A social network is made up of two elements: human beings and the connection between them. While the characteristic of a network is shaped by the qualities of people in the network and their connections, the network is a distinct entity, greater than the sum of its parts. In The Chemistry of Social Networks, Nicholas Christakis uses the examples of diamond and graphite to explain this point:
So you can take carbon atoms and you can assemble the carbon atoms into graphite and here we put together a particular hexagonal pattern of ties and you get sheets of graphite and this graphite is soft and dark. Or we can take the same carbon atoms and assemble the bonds between the carbon atoms differently and we get diamond, which is hard and clear. These properties of softness and darkness or hardness and clearness first of all differ dramatically, not because the carbon is different. The carbon is the same in both, but rather because of the ties between the carbon atoms. And second these properties are not properties of the carbon atoms. They’re properties of the group, properties of the collection of carbon atoms. Therefore, when we take constituent elements and assemble them to a larger whole, this larger whole can have properties that we could not have foreseen merely by studying the individual elements and properties which do not reside within the individual elements.
Whether our networked social reality in the digital age is going to be “diamond” or “graphite”, depends on the kind of person we are as individuals and how we relate to others around us.
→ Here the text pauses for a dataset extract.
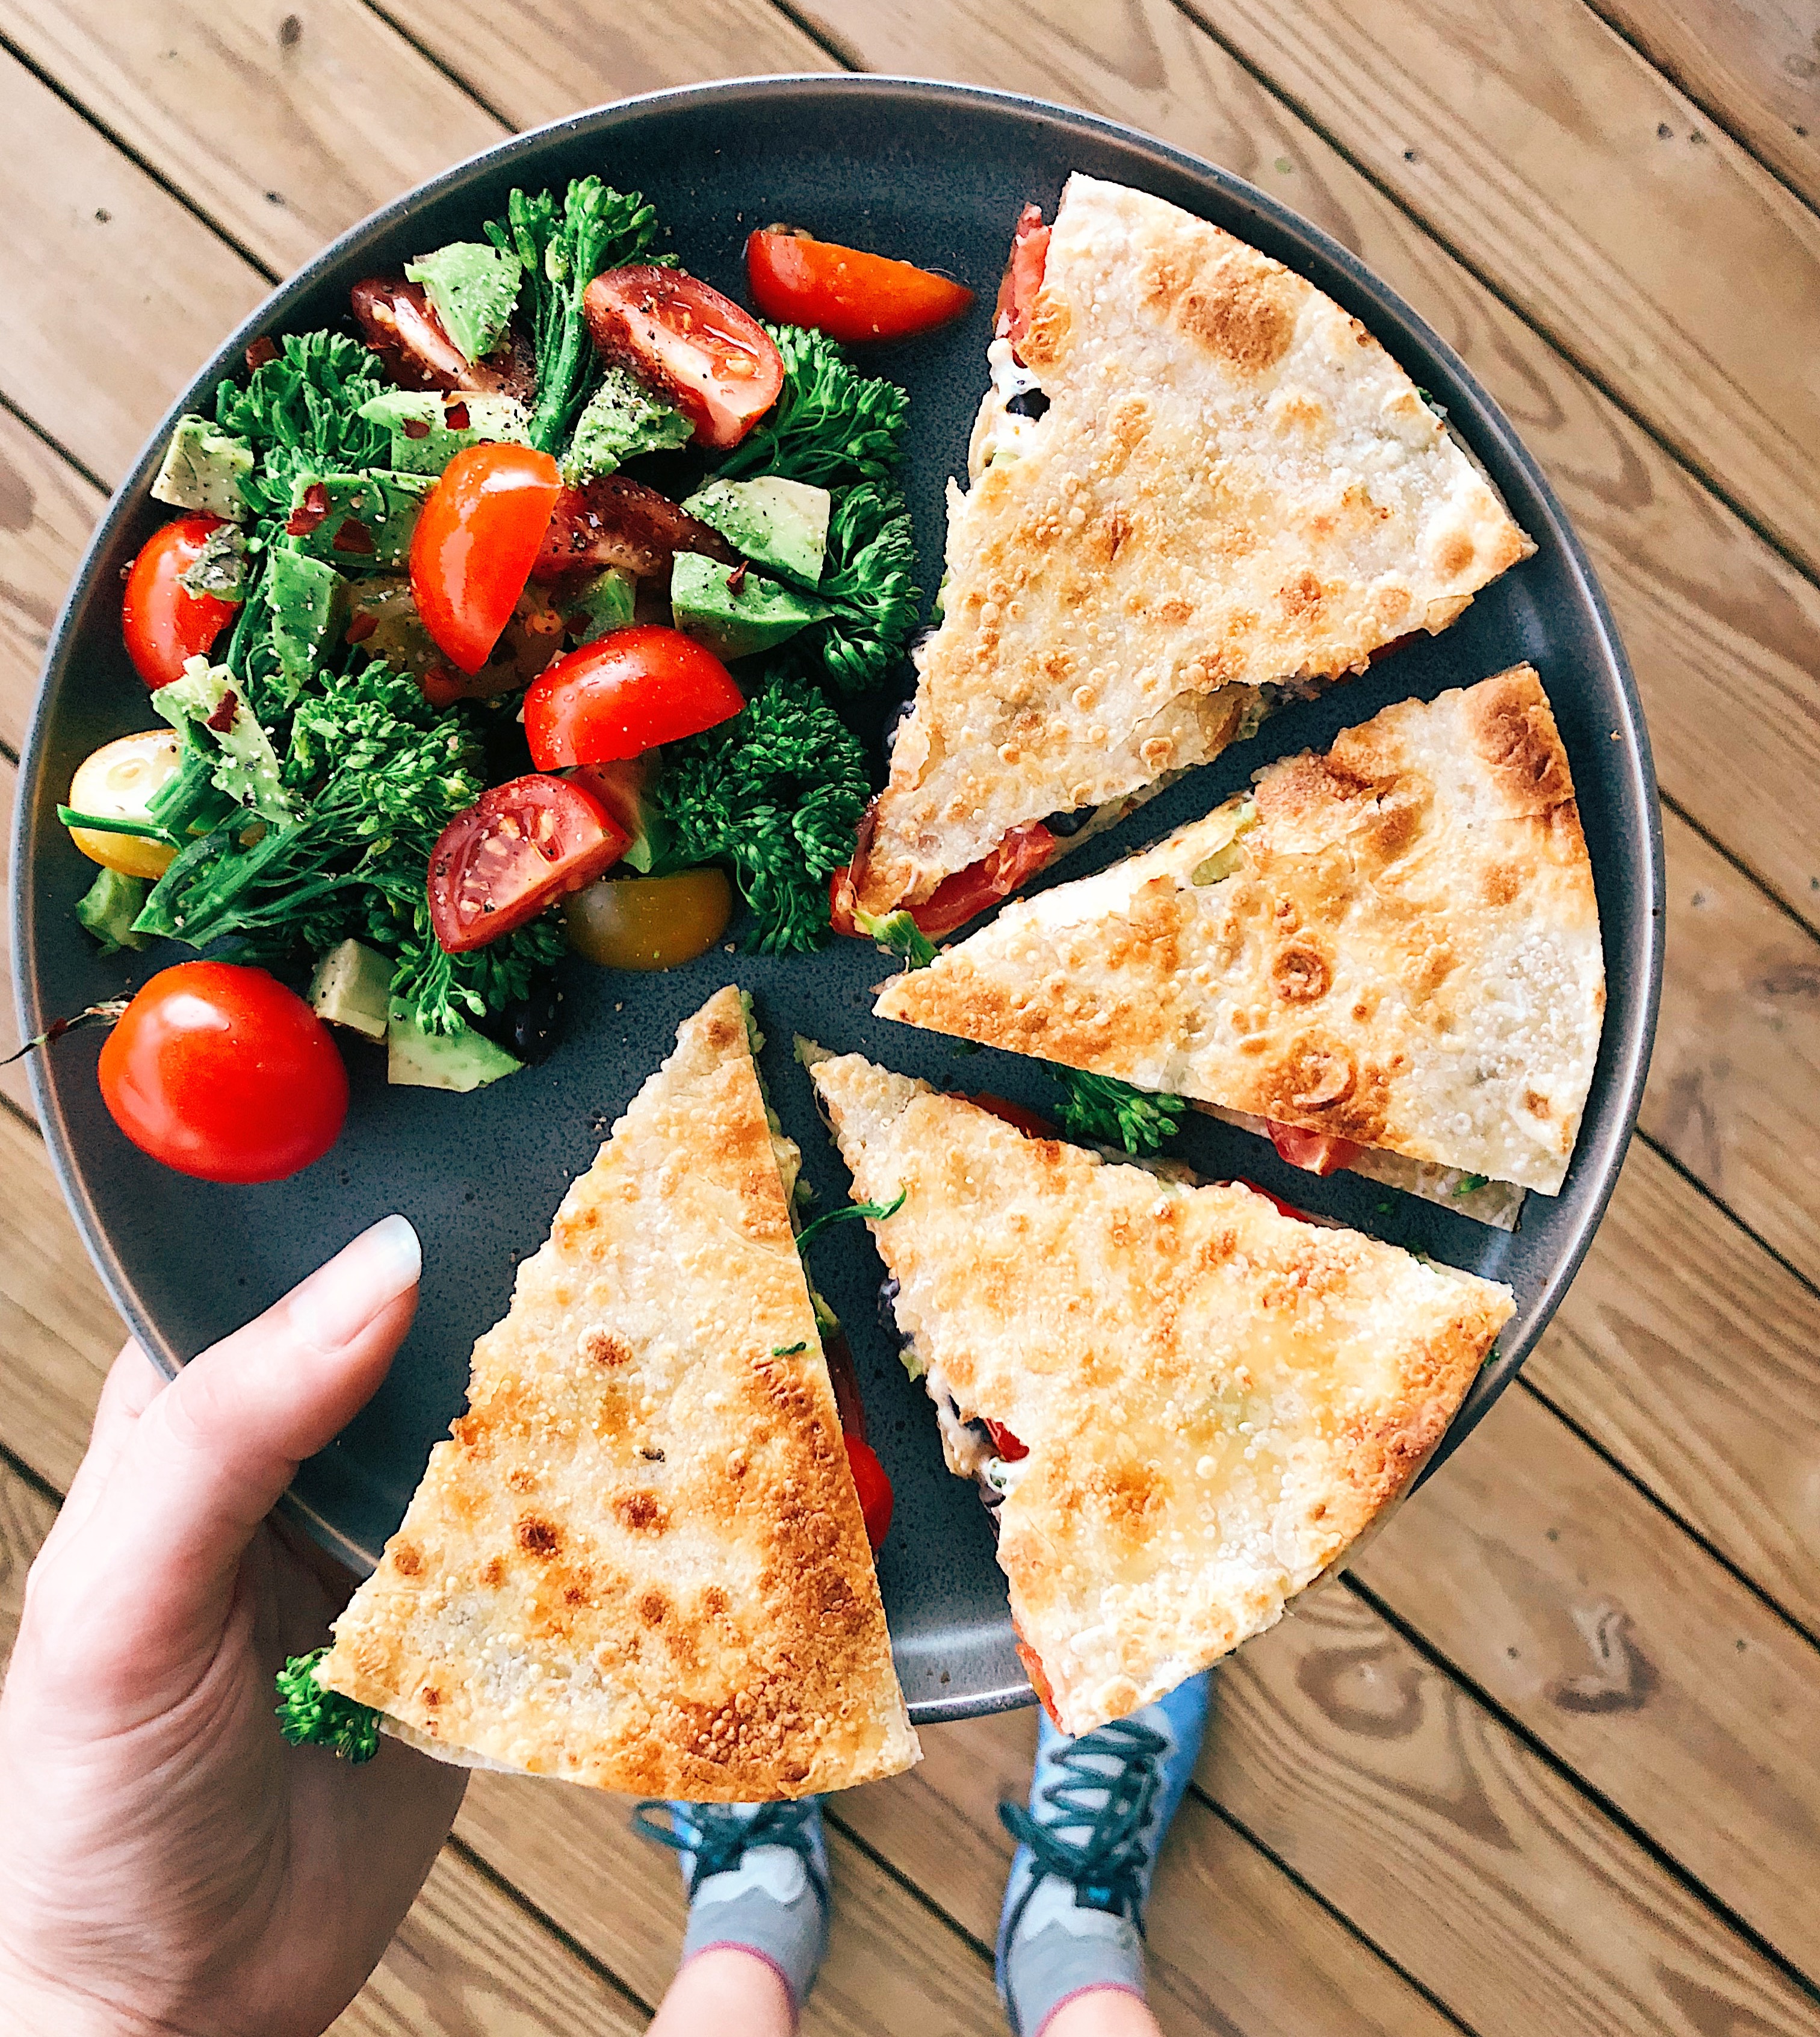 vegan quesadillas with broccolini salad on blue plate being held in the air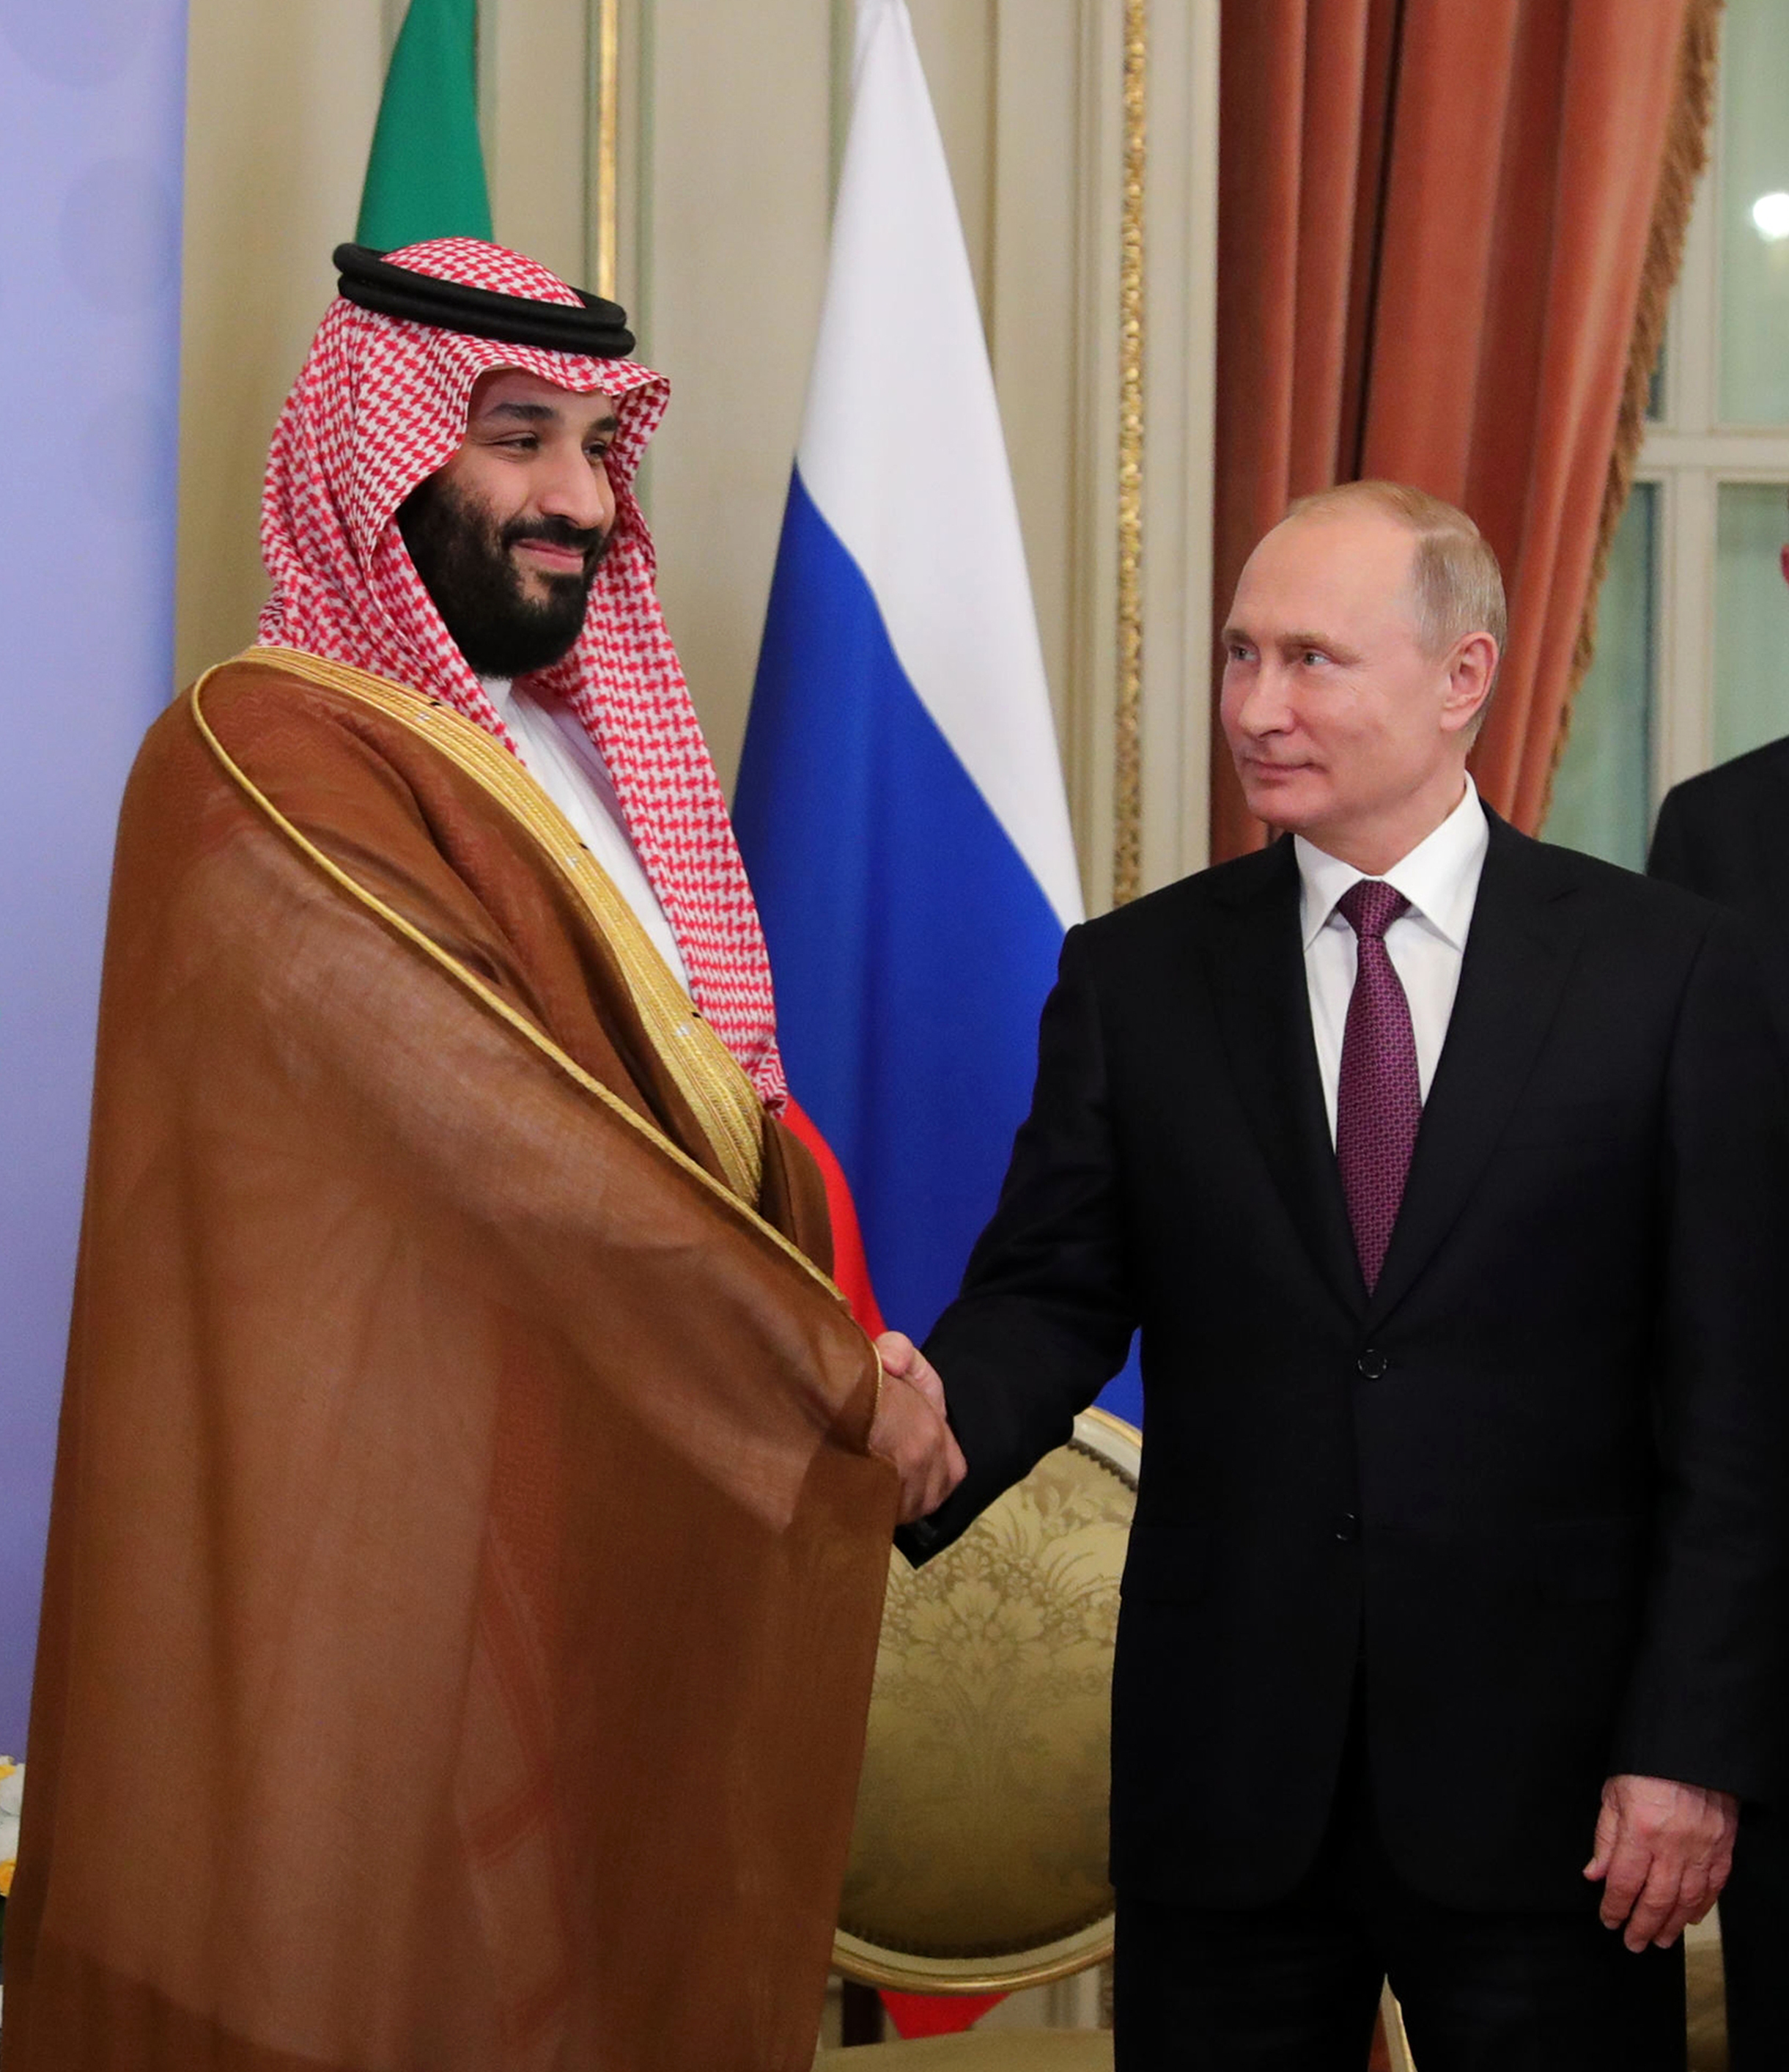 Saudi Arabia's Crown Prince Mohammed bin Salman, left, and Russian President Vladimir Putin, shake hands prior their talks at the G20 summit in Buenos Aires

This perspective has important ethical implications for individual digital citizens, as well as institutions such as family, school, workplace, business and government.
Wikipedia, the online multilingual encyclopedia, has been regarded as one of the shining “diamonds” of the Internet. Harvard Law Professor Lawrence Lessig has said,
Wikipedia has come to define the very best in an ethic of a different kind of economy or community: at its core, it is a “collaborative community” that freely and voluntarily gives to the world a constant invitation to understand and correct. More than any democracy, it empowers broadly. More than any entity anywhere, it elicits the very best of an amateur ethic—people working hard for the love of the work, and not for the money.
Not only is Wikipedia the most widely used encyclopedia in the world, it is also a community built upon an emerging worldview that is global and service oriented, participatory and collaborative at the grassroots, reflects and demands ethics of good faith and openness, as well as consultative in decision-making. It manifests in concrete form the kinds of human interaction widely considered as utopian and impossible.
EFDP engages its program participants to think broadly about the characteristics and ethics of social network in the digital age. These insights provide the basis for developing the perspectives, mindset and skills that a digital citizen needs in order to realize the potentials and meet the challenges of a digital age. They provide the conceptual building blocks upon which we find solutions to address concerns such as cyber-bullying and privacy, as well as ways to advance the best that digital technologies offer, such as heightened capacities for knowledge, innovation and collaboration.